She didn’t run out into the open when she came level to the house. Instead she stood in the shadow of a big fir and waited. The snowflake pattern the things were making in the dome grew as more and more of their bodies joined the patterning. She listened for the sound of limbs flicking the ground and heard nothing. Satisfied no things were out walking she made straight for where she had been digging earlier. It made her mad when she saw that if Eduardo and Chuy had only waited another moment she would have had it in her grasp. She sidled into the house through the path she had dug. Her Lady Liberty winked in the moonlight. That was a 125 mile per hour club. The flex in its shaft adjusted for wrist break in the backswing. She loved that club. As she picked her way toward it, she wondered if her toe lengthening would change her stance all that much. Her toes were now a delicate quarter inch longer to be more attractive while wearing foot jewelry. Finally! She closed her hand around it. The heft, which was practically nothing because it was a Fiber X Air model, felt good. Gingerly made her way back out. She was almost back to the trees before she heard the flicking. She darted to the big fir and stood motionless in its shadow not even daring to breath.

The sound of things chittering to each other began softly then got louder as they drew closer to where she was. She could hear the flick, flick of their slow steps approaching her position. She sneaked a peek around the fir. She recognized Chuy immediately. But he wasn’t walking with Eduardo. She was shocked! He was walking with Tonto del Culo. They were moving slowly away from the dome and he was chittering to Chuy. What was Chuy doing with him? Then it dawned on her, Chuy was coming to check on her. She had better be in her shed when they got there. She felt panic and cautiously edged herself deeper into the shadow of the trees and ran back to her shed, the Lady Liberty pumping up and down in her hand.

She stopped when she was across from her shed. There was a patch of open space between the shed and the trees. She could see Chuy and Tonto bobbing their slow way to the shed. She darted from the shade of the trees to the shadow the shed cast by moonlight. The moon was bright tonight and they would see her entering her shed. She peeked around the corner. They had stopped. Chuy’s posture looked odd to her. She hoped that meant he was distracted. She decided to just go for it. After all, she was allowed to go outside to pee.

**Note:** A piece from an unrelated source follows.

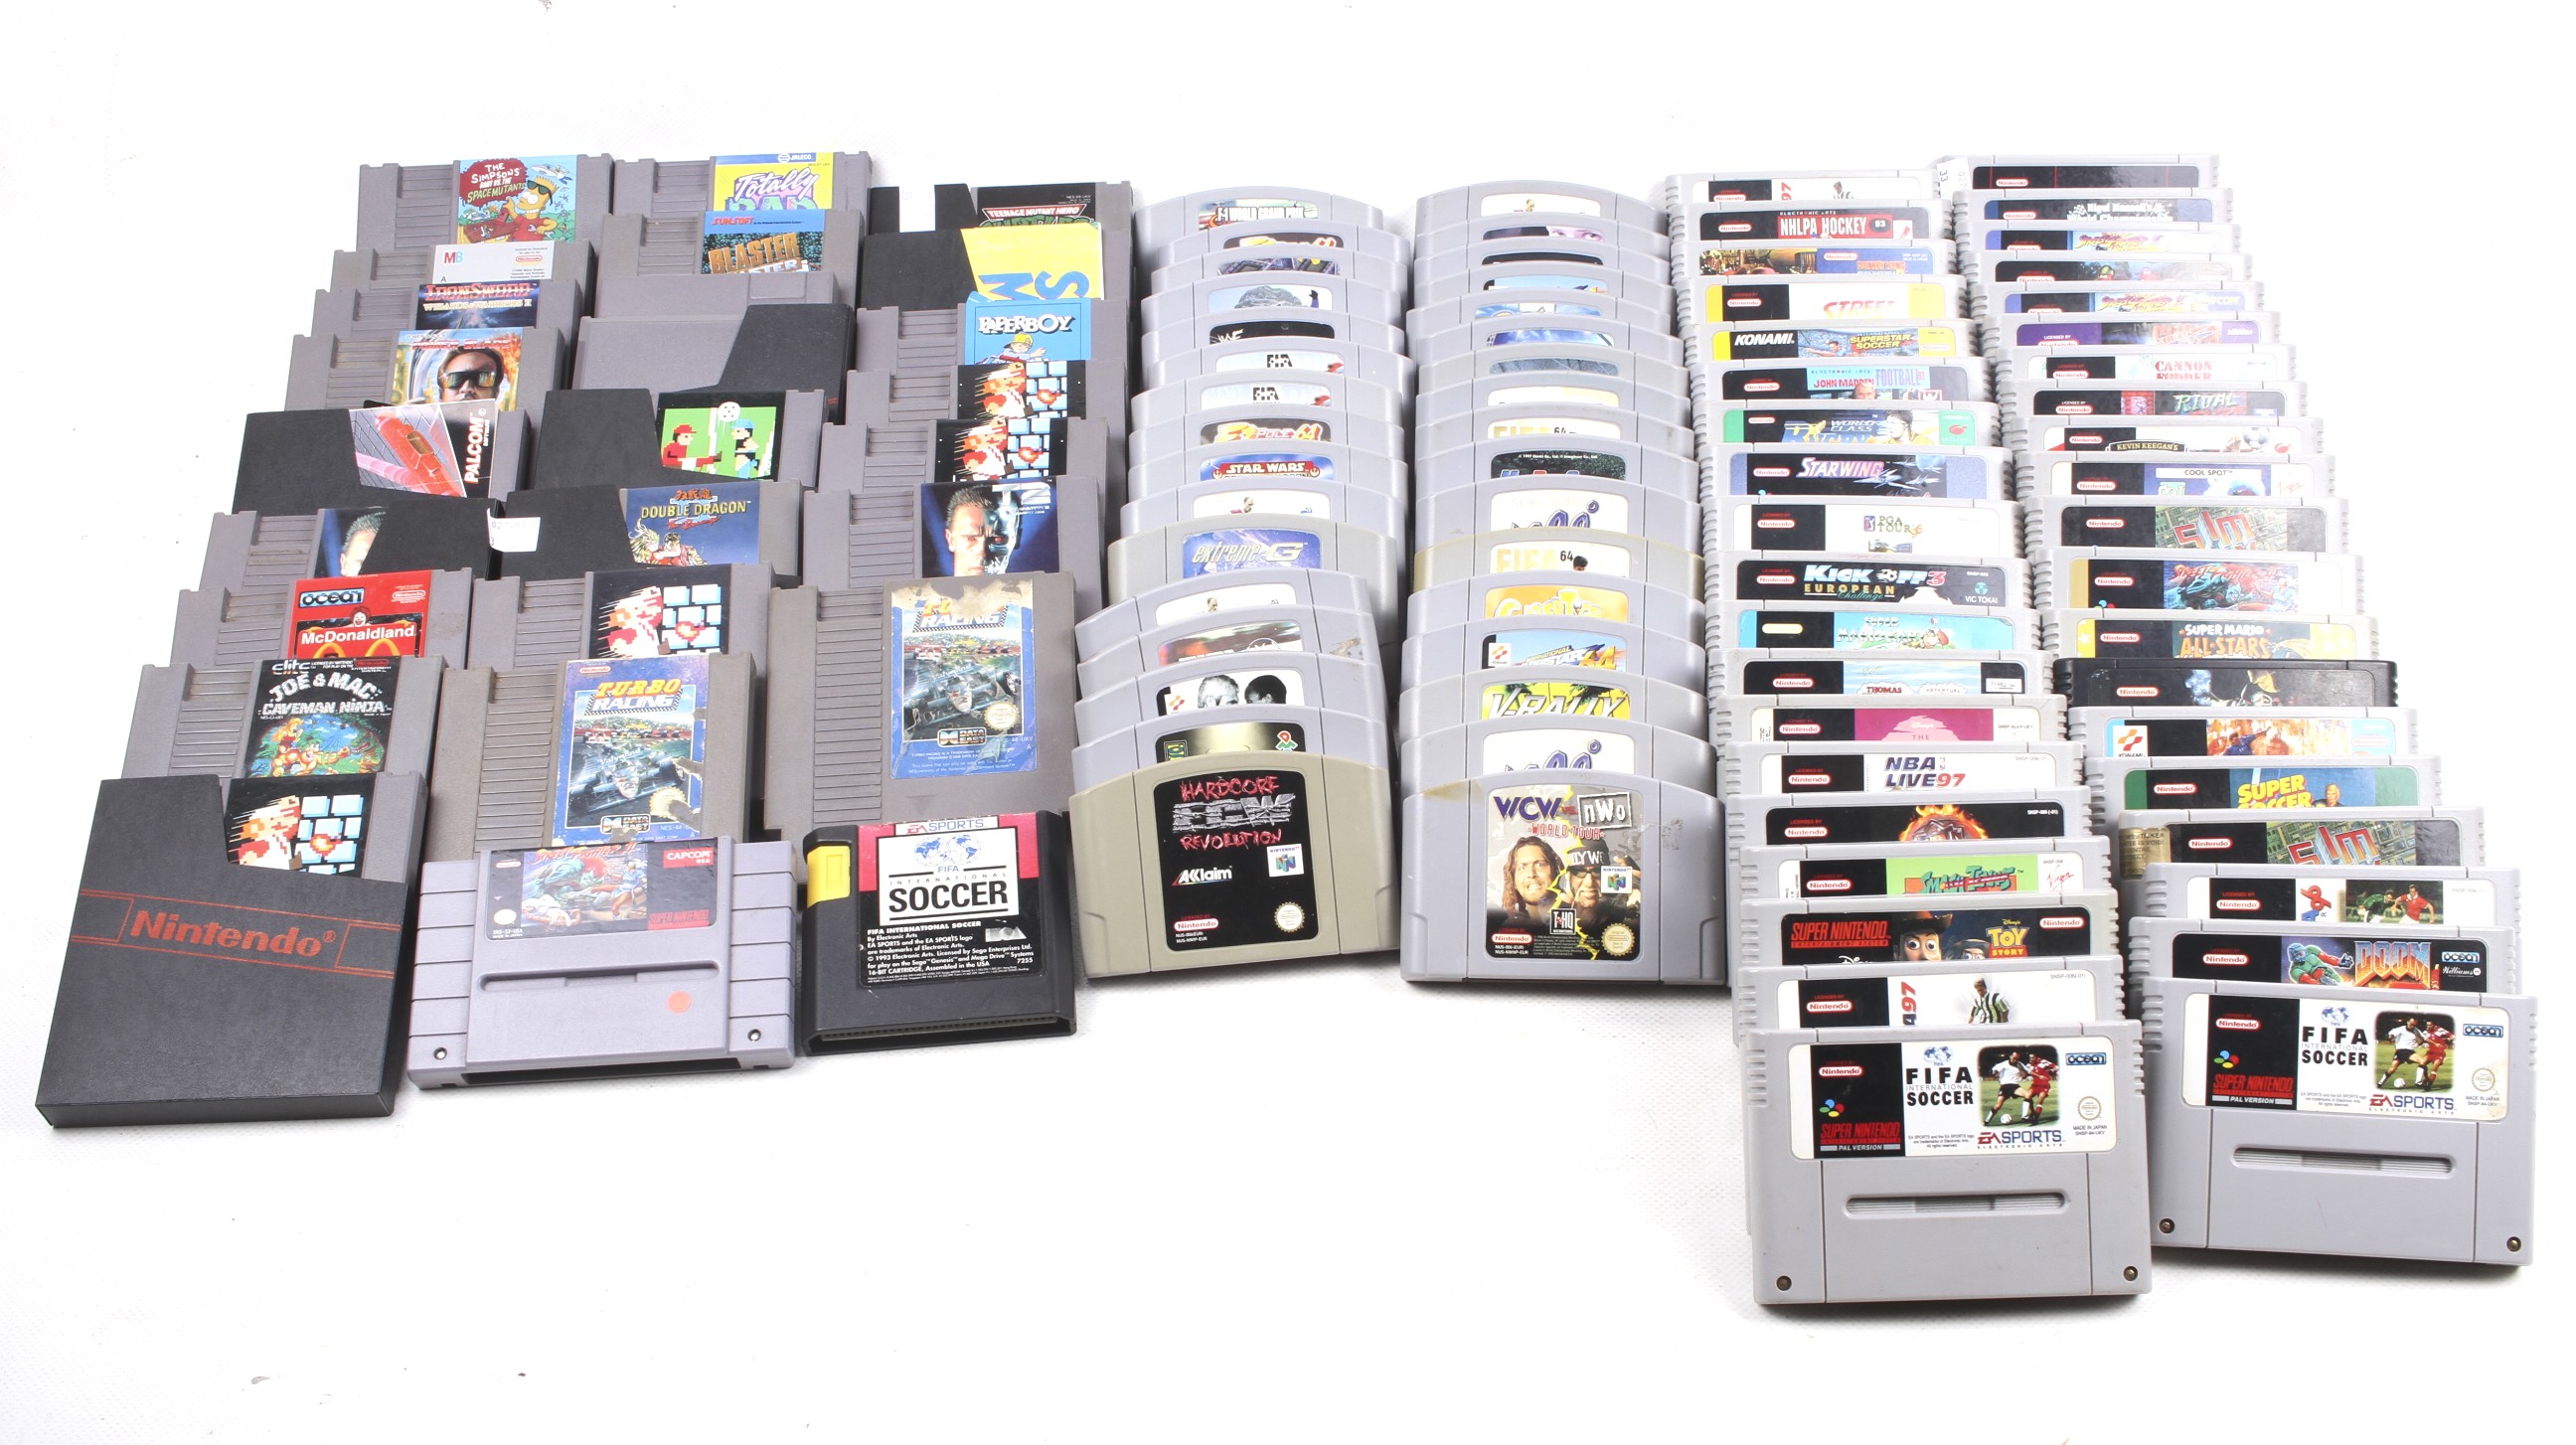 A collection of retro Nintendo video games.

The shed was only four walls. She had no place to put her club. “Stupid, stupid stupid! She hissed to herself. She should have hidden it when she was in the trees. What was she thinking? They would take her club away. She had to get it back to the trees and hide it for safekeeping. She put her head outside. They were closer. Chuy was walking funny, like he was hobbling. When he bobbed up and down he was akimbo. Tonto del culo looked like he was crowding Chuy. She wondered where Eduardo was. There was no way she could make it to the trees without them noticing she had a club. They had too many eyes. She ducked back inside.

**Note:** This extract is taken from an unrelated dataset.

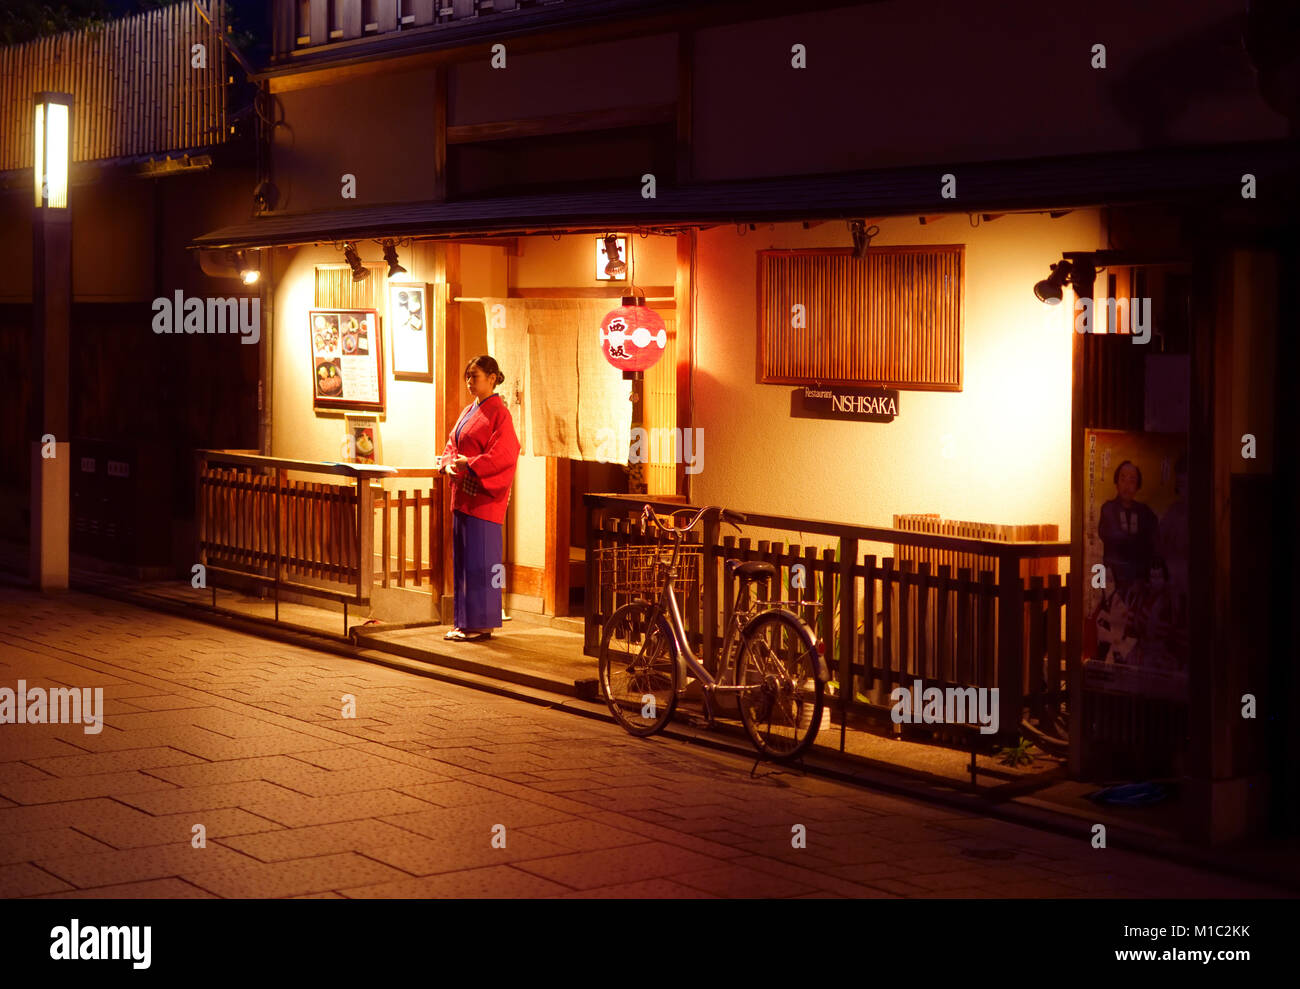 Führerschein verfügbar bei MaximImages.com - Frau, Restaurantangestellter begrüßt Gäste am Eingang eines traditionellen japanischen Restaurants Nishisaka in der Nähe Stockfoto

Her breath was noisy and she wanted to cry. She wasn’t going to let them take her club. She blew out her breath in exasperation and and looked to the heavens which was the unfinished ceiling of the shed. they were close enough for her to hear them. Flick, flick. Flick, flick. “Up!” They wouldn’t look up. She put her back to one corner and inched her way to the ceiling with the soles of her feet and only one hand. The other hand held the Lady Liberty. She slid the club across two beams and dropped down just as Chuy appeared in the doorway. He had put his mask on.

Softly Chuy’s mask said, “Cachorro. Hola cachorro. Estas bien? Ven aqui.”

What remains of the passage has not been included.